La Cina sta mostrando la sua influenza sulla catena di fornitura dei semiconduttori, e i mercati stanno cominciando a reagire. Le azioni di Yunnan Lincang Xinyuan Germanium Industrial sono aumentate di oltre il 30% nella scorsa settimana. Il 3 luglio, il Ministero del Commercio della Cina ha annunciato che le restrizioni sulle esportazioni di germanio e gallio entreranno in vigore il 1° agosto. Questi due metalli, di cui la Cina produce la maggior parte dell’offerta mondiale, sono utilizzati nella produzione di chip, fibre ottiche o pannelli solari, e una significativa quantità viene esportata all’estero. Secondo lo U.S. Geological Survey, tra il 2018 e il 2021, poco più della metà delle importazioni statunitensi di questi metalli proveniva dalla Cina.
In risposta alle notizie delle restrizioni alle esportazioni, le azioni di Yunnan Germanium alla Borsa di Shenzhen hanno raggiunto il limite massimo di negoziazione del 10% per tre giorni consecutivi. Questo è accaduto nonostante l’avvertimento della società di una perdita di ricavi nella prima metà dell’anno. Tale aumento è considerato un segnale del potenziale di crescita in alcuni sottosegmenti dei chip cinesi una volta che gli investitori ne prendono coscienza o quando entrano in gioco nuove regole sulle esportazioni. E proprio in questa fase iniziale della catena di fornitura dei semiconduttori che la società di investimenti WestSummit Capital Management sta cercando opportunità, come ha dichiarato Bo Du, direttore generale della società. Secondo Du, “in Cina, le aziende stanno guadagnando di più investendo nella catena di fornitura piuttosto che nell’intelligenza artificiale”.
Du ha sottolineato che l’offerta di chip di fascia alta necessari per l’allenamento dei modelli di intelligenza artificiale è più sensibile alle restrizioni degli Stati Uniti, mentre c’è un mercato più ampio per i chip meno avanzati, utilizzati nei prodotti utilizzati quotidianamente. Per questa categoria di chip, Du prevede che la Cina possa sviluppare la propria produzione di attrezzature e materiali in circa due o tre anni. WestSummit afferma di gestire circa 20 miliardi di yuan (circa 2,77 miliardi di dollari) in attività.

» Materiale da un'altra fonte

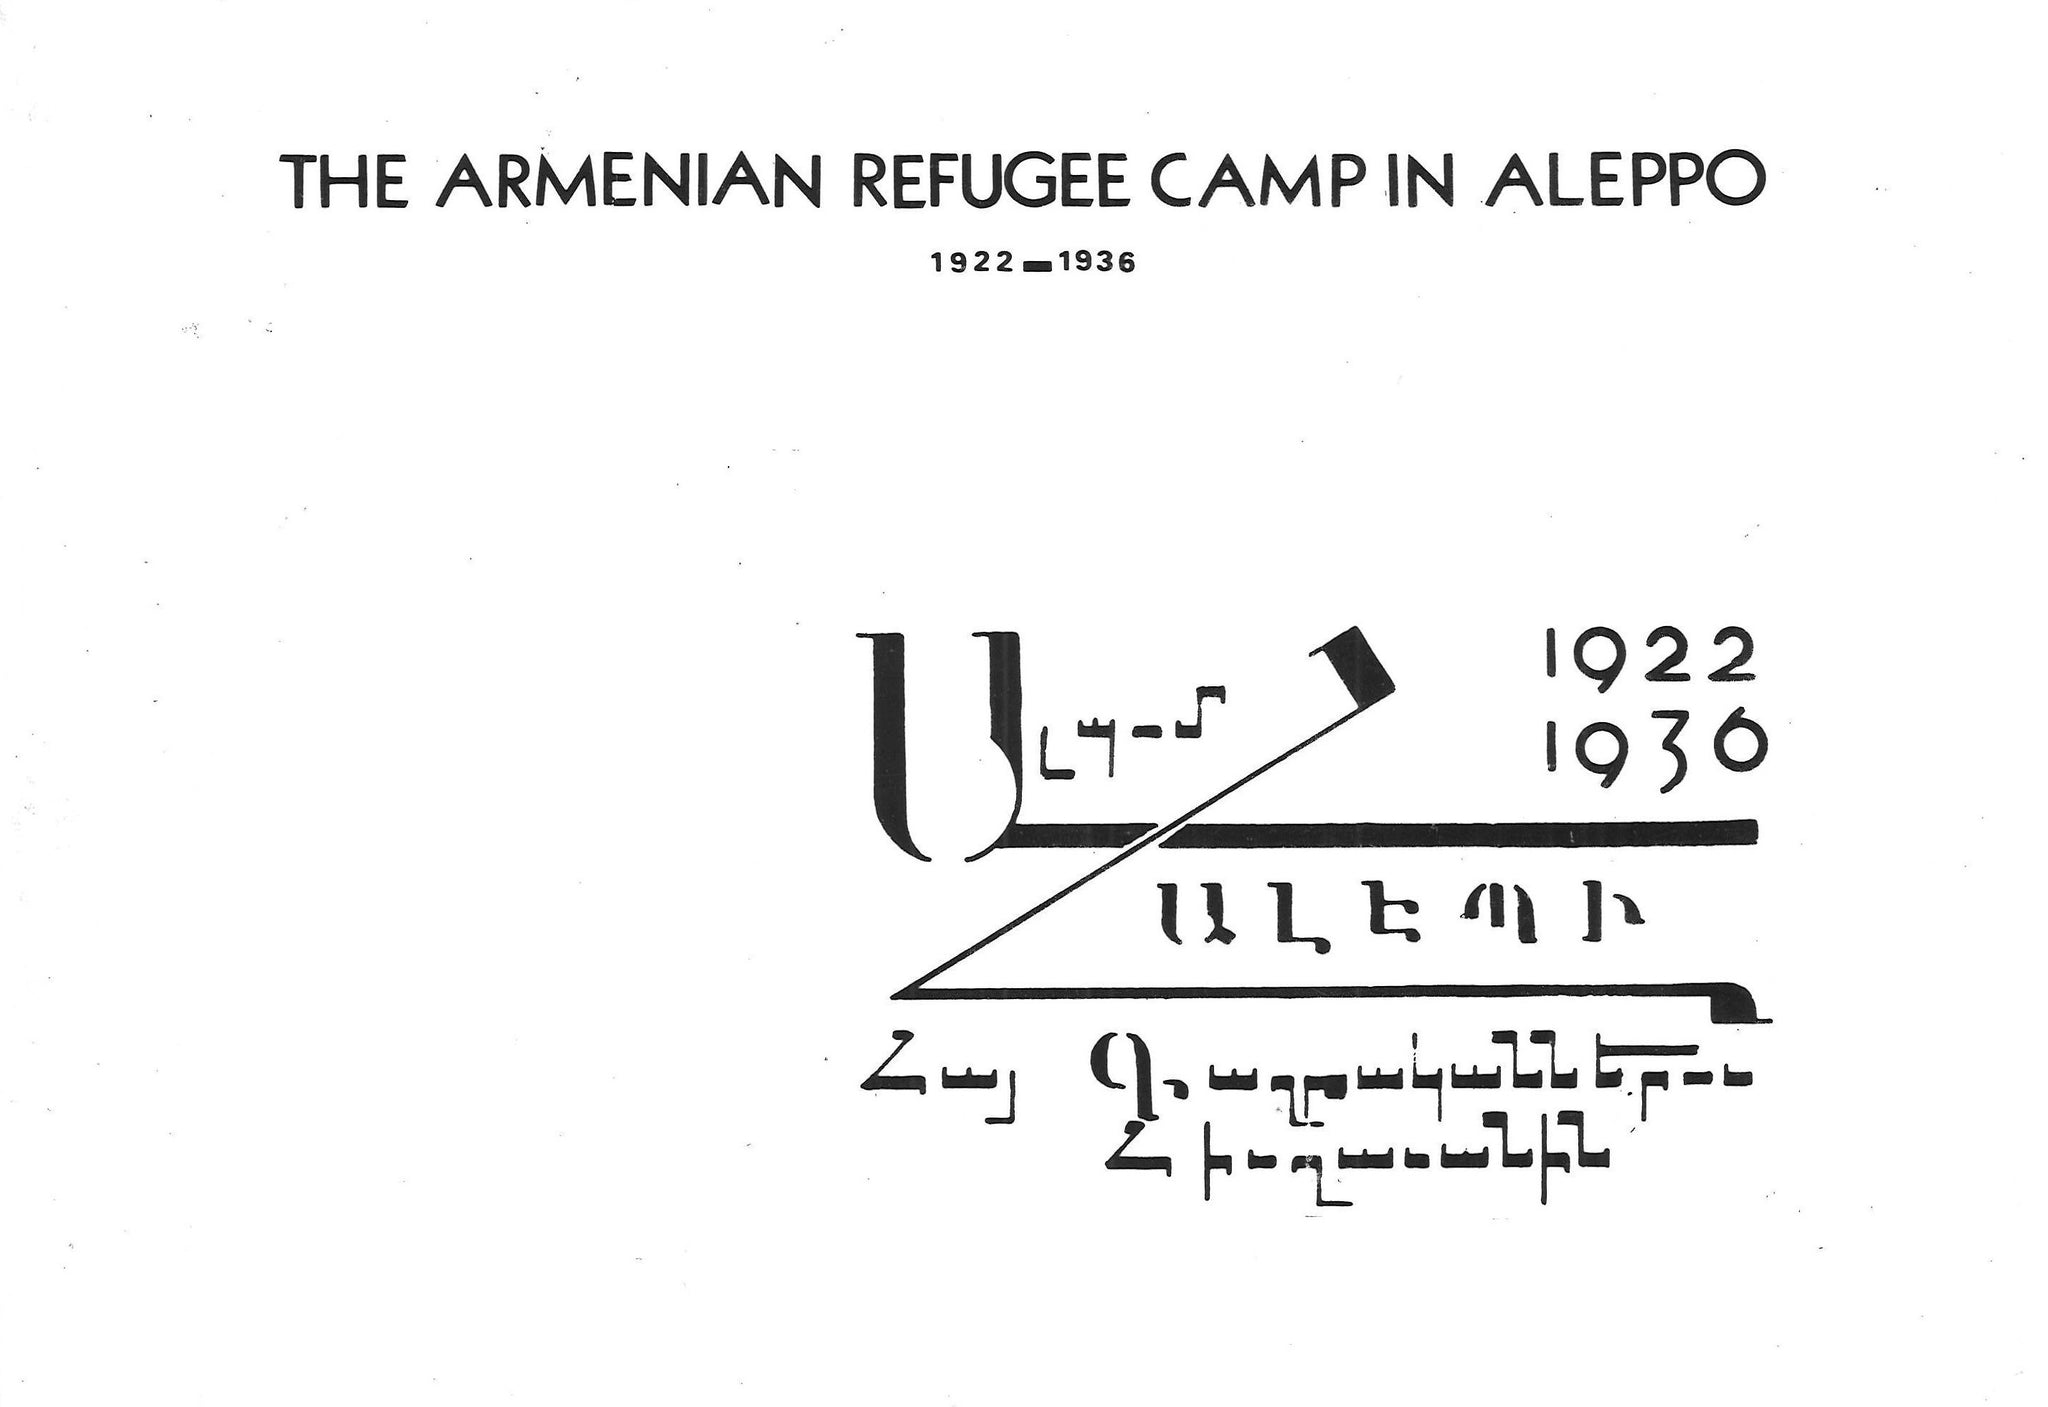 ARMENIAN REFUGEE CAMP IN ALEPPO, 1922-1936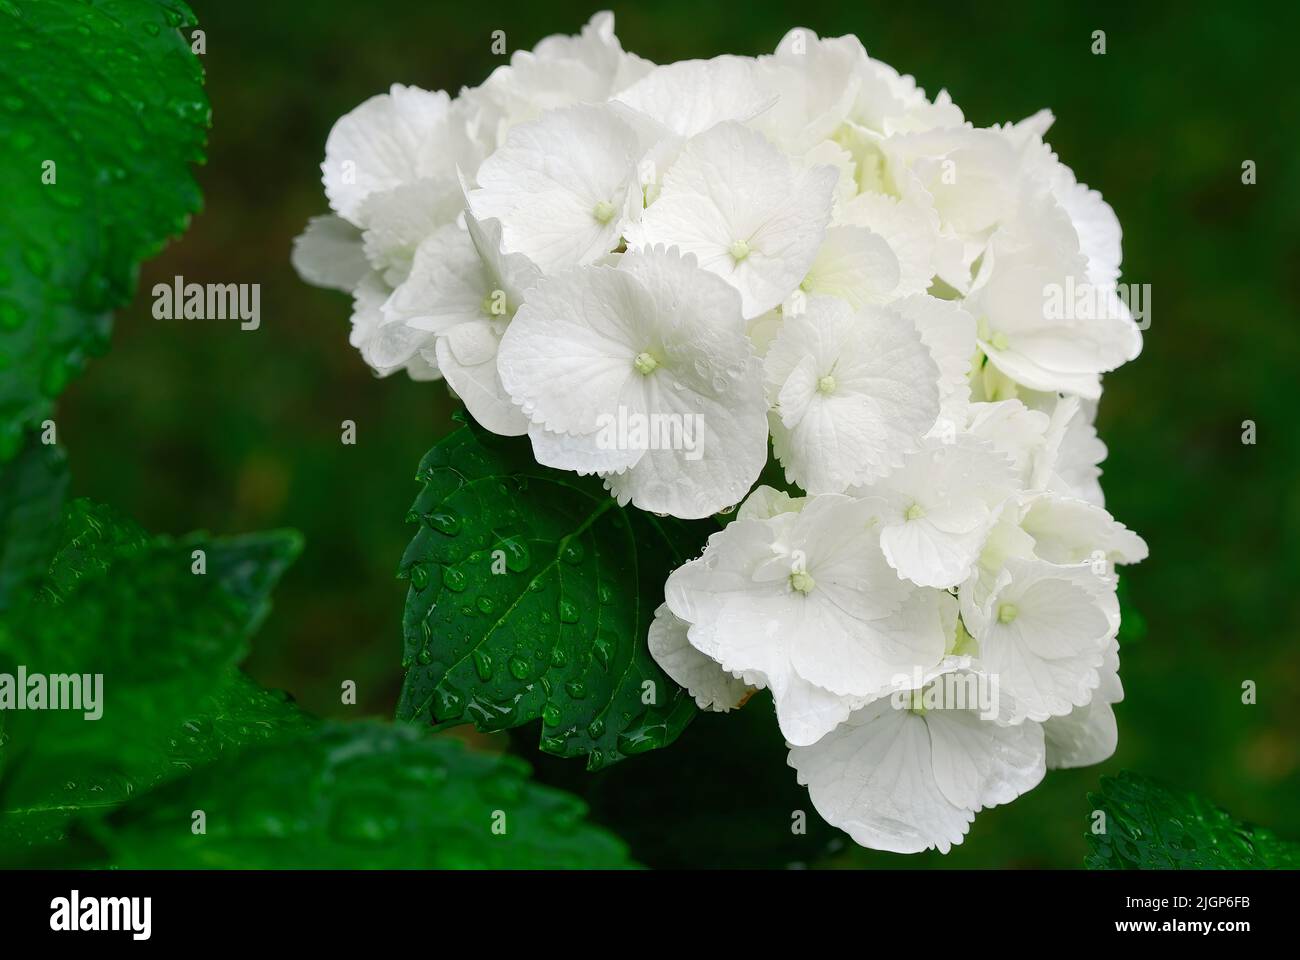 Weiße Hortensien, Hortensia macrophylla blühen zwischen nassen Blättern mit Wassertropfen nach Regen, Nahaufnahme. Hintergrundbild. Ziergarten Slowakei. Stockfoto

Nonostante le restrizioni alle esportazioni, gli analisti ritengono che il settore dei semiconduttori cinesi abbia ancora un notevole potenziale di crescita. Greg Ye, co-fondatore e socio di Delta Capital, società che gestisce circa 7 miliardi di yuan in attività, ha dichiarato che, ad eccezione di alcune aziende, non c’è un impatto reale sugli affari per la maggior parte delle società di semiconduttori sia in Cina che negli Stati Uniti. Tuttavia, ammette che queste restrizioni hanno avuto un impatto sulla psicologia di alcuni investitori, spingendoli a esplorare nuovamente il settore dei semiconduttori dopo essersene allontanati inizialmente.
Ciò solleva la domanda se la Cina potrebbe adottare ulteriori controlli alle esportazioni in futuro. Secondo Wei Jianguo, ex vice ministro del commercio cinese, le ultime restrizioni alle esportazioni sono solo l’inizio di un possibile irrigidimento delle capacità di produzione di chip in Cina. Tuttavia, alcuni analisti ritengono che questa mossa della Cina potrebbe scatenare una risposta da parte degli Stati Uniti, con ulteriori restrizioni alle esportazioni di tecnologia avanzata nel settore dei semiconduttori. Ciò potrebbe portare a un’ulteriore crescita del settore delle terre rare, con aziende come Lynas Rare Earths, MP Materials e China Rare Earth Holdings che potrebbero beneficiarne.
In conclusione, le restrizioni alle esportazioni cinesi di germanio e gallio hanno generato un impatto significativo sulle azioni delle società coinvolte nella produzione di chip e semiconduttori, sia in Cina che negli Stati Uniti. Questa mossa ha evidenziato l’importanza della Cina nella catena di fornitura dei semiconduttori e ha portato gli investitori a prestare maggiore attenzione alle opportunità di crescita nel settore. Tuttavia, rimane da vedere se ulteriori controlli alle esportazioni avranno conseguenze più ampie sul mercato dei semiconduttori e come la Cina e gli Stati Uniti reagiranno alle dinamiche in evoluzione di questa industria cruciale.